REQUIREMENT
Each line of the data must be given back verbatim, with pictures removed.

RAW DATA

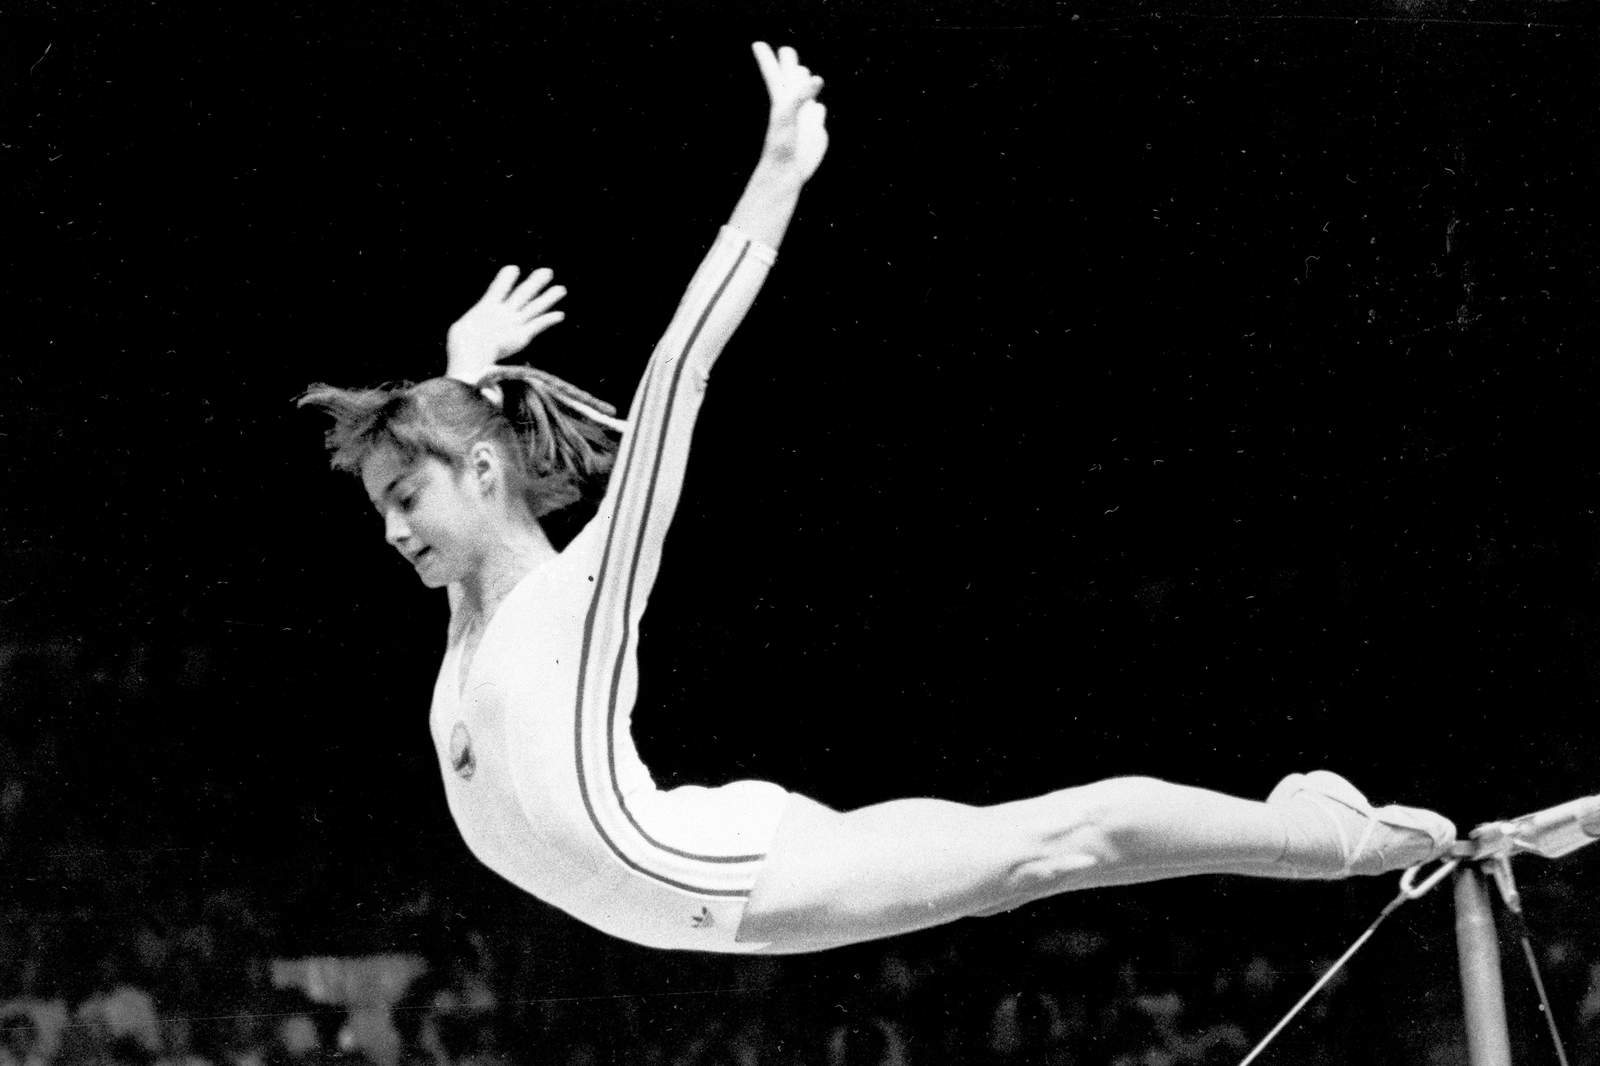 In 1976, Comaneci's perfect 10s made her the perfect one
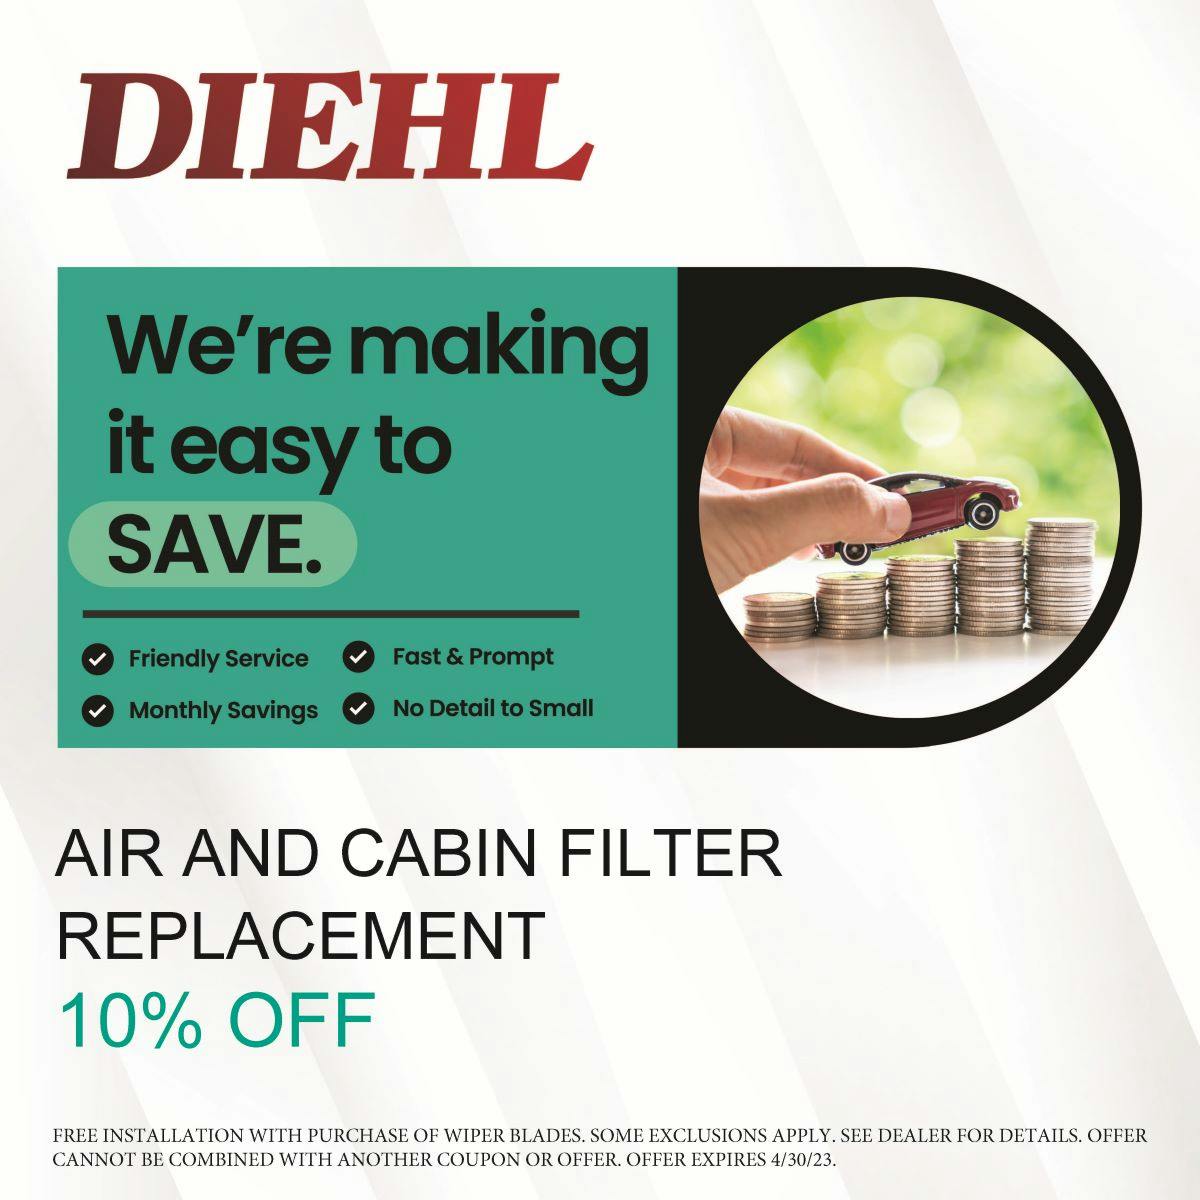 Air and Cabin Filter Replacement | Diehl Mitsubishi of Massillon
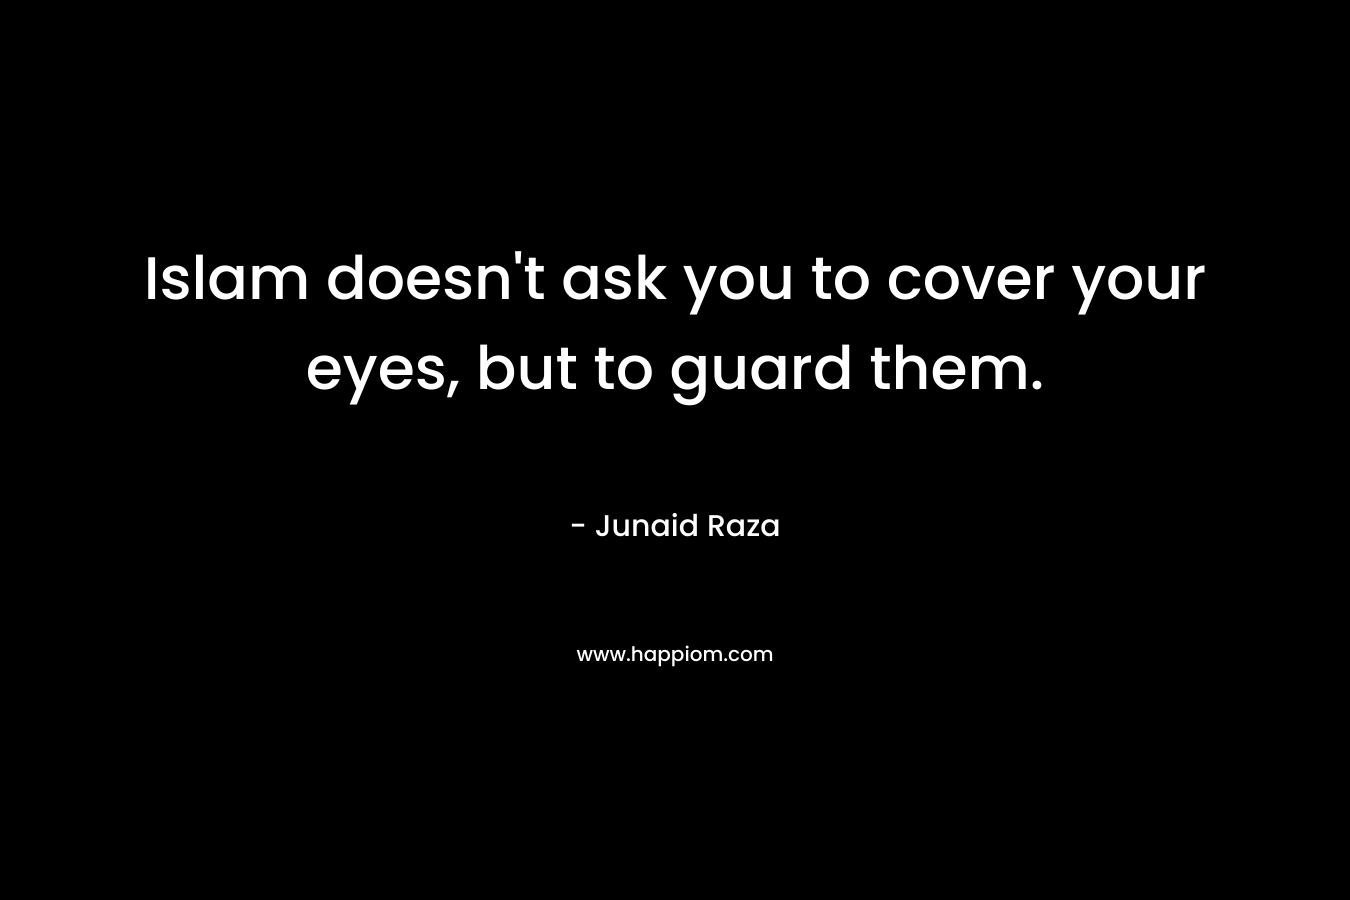 Islam doesn't ask you to cover your eyes, but to guard them.

RESULT
 In 1976, Comaneci's perfect 10s made her the perfect one
 Air and Cabin Filter Replacement | Diehl Mitsubishi of Massillon
 Islam doesn't ask you to cover your eyes, but to guard them.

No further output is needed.